Note: each ROC curve represents one model, each labeled with the feature(s) inside each model.

In [21]:
"""
Your written answer here
"""
# The pink line labeled all features.
# It has the greatest AUC or Area Under Curve
# The higher the AUC is the better the model is at distinguishing classes

'\nYour written answer here\n'

The following cell includes code to train and evaluate a model

In [22]:
# Run this cell without changes

# Include relevant imports
import pickle
from sklearn.model_selection import train_test_split
from sklearn.preprocessing import StandardScaler 
from sklearn.linear_model import LogisticRegression
from sklearn.metrics import accuracy_score, roc_curve, roc_auc_score

network_df = pickle.load(open('write_data/sample_network_data.pkl', 'rb'))

# partion features and target 
X = network_df.drop('Purchased', axis=1)
y = network_df['Purchased']

# train test split
X_train, X_test, y_train, y_test = train_test_split(X, y, random_state=2019)

# scale features
scale = StandardScaler()
scale.fit(X_train)
X_train = scale.transform(X_train)
X_test = scale.transform(X_test)

# build classifier
model = LogisticRegression(C=1e5, solver='lbfgs')
model.fit(X_train, y_train)
y_test_pred = model.predict(X_test)

# get the accuracy score
print(f'The original classifier has an accuracy score of {round(accuracy_score(y_test, y_test_pred), 3)}.')

# get the area under the curve from an ROC curve
y_score = model.decision_function(X_test)
fpr, tpr, _ = roc_curve(y_test, y_score)
auc = round(roc_auc_score(y_test, y_score), 3)
print(f'The original classifier has an area under the ROC curve of {auc}.')

The original classifier has an accuracy score of 0.956.
The original classifier has an area under the ROC curve of 0.836.


### 2.3) The model above has an accuracy score that might be too good to believe. Using `y.value_counts()`, explain how `y` is affecting the accuracy score.

In [23]:
# Run this cell without changes

y.value_counts()

0    257
1     13
Name: Purchased, dtype: int64

In [None]:
"""
Your written answer here
"""
#There is a serious class imbalance. 

### 2.4) What methods would you use to address the issues in Question 2.3? 

In [24]:
"""
Your written answer here
"""
#There are three methods that can be used to address the issues with class imbalance
# 1. We can resample our data
# 2. We can SMOTE. Generate synthetic data from the minor class
# 3. We can use Tomek Link, where we remove some values fromt he majority class. 

'\nYour written answer here\n'

---
## Part 3: Decision Trees [Suggested Time: 15 min]
---

### Concepts 
You're given a dataset of **30** elements, 15 of which belong to a positive class (denoted by *`+`* ) and 15 of which do not (denoted by `-`).
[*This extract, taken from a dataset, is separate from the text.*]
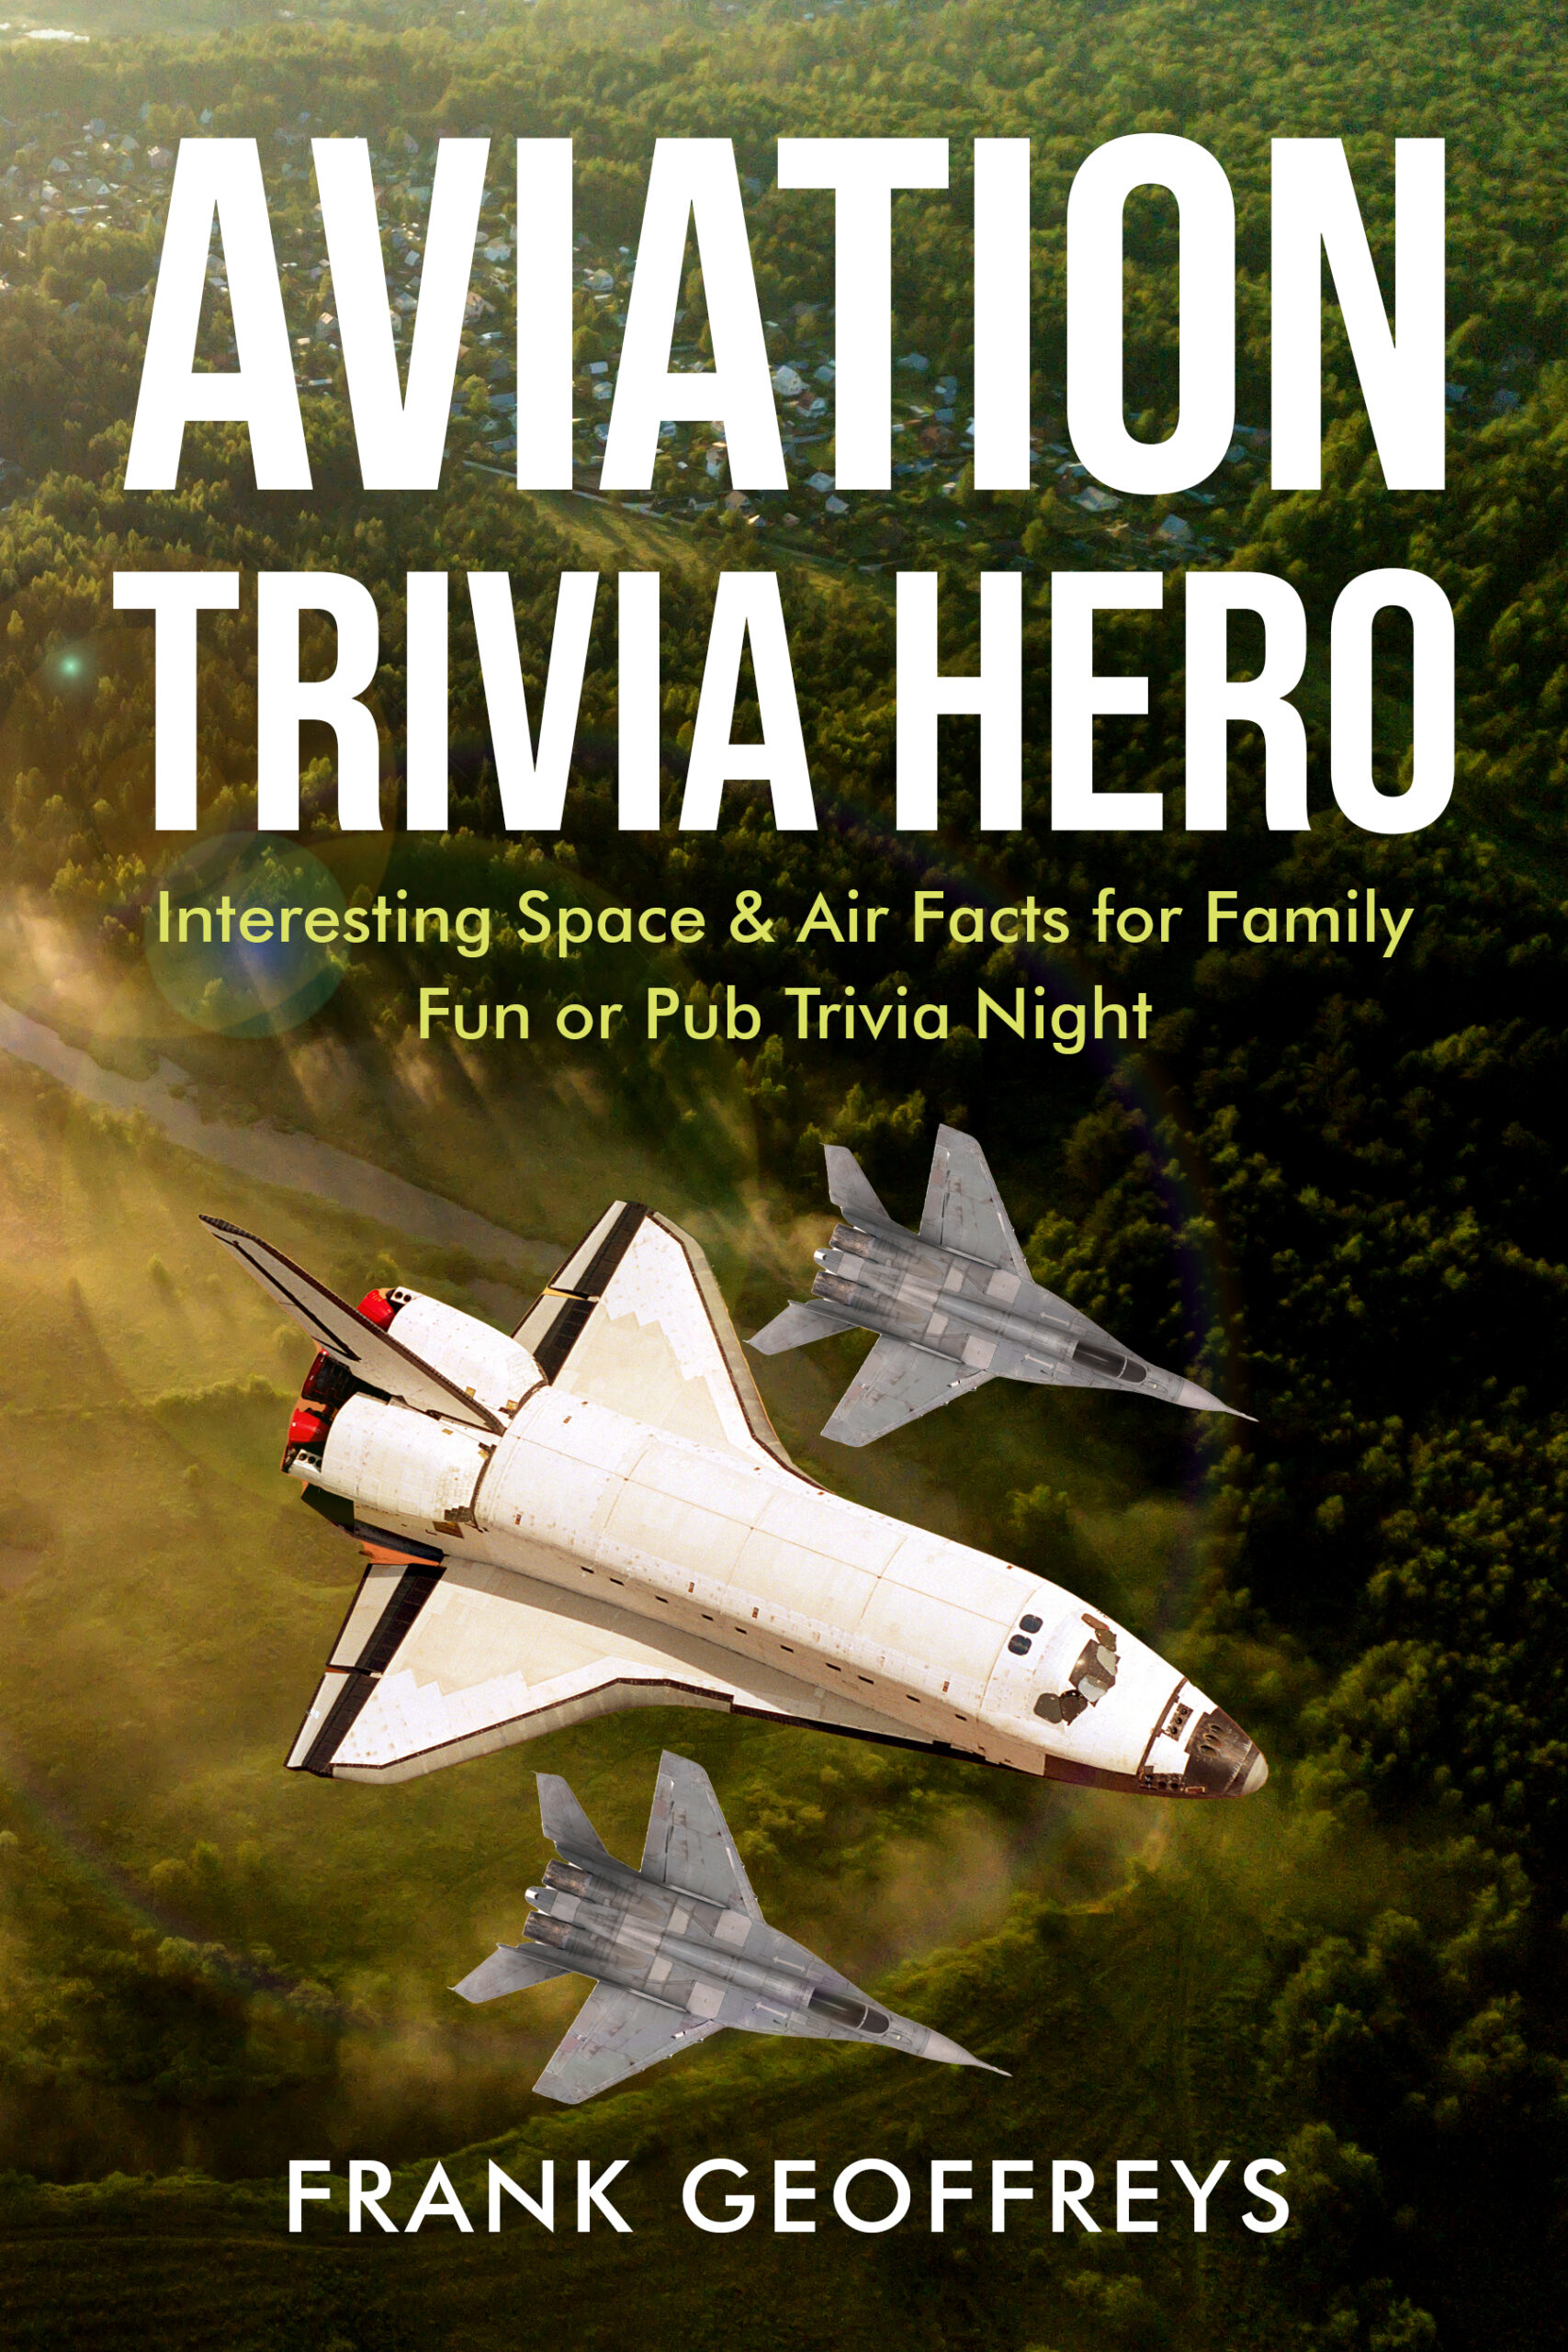 FREE: Aviation Trivia Hero: Interesting Space & Air Facts for Family Fun or Pub Trivia Night by Frank Geoffreys

These elements are described by two attributes, A and B, that can each have either one of two values, true or false. 

The diagrams below show the result of splitting the dataset by attribute: the diagram on the left hand side shows that if we split by attribute A there are 13 items of the positive class and 2 of the negative class in one branch and 2 of the positive and 13 of the negative in the other branch. The right hand side shows that if we split the data by attribute B there are 8 items of the positive class and 7 of the negative class in one branch and 7 of the positive and 8 of the negative in the other branch.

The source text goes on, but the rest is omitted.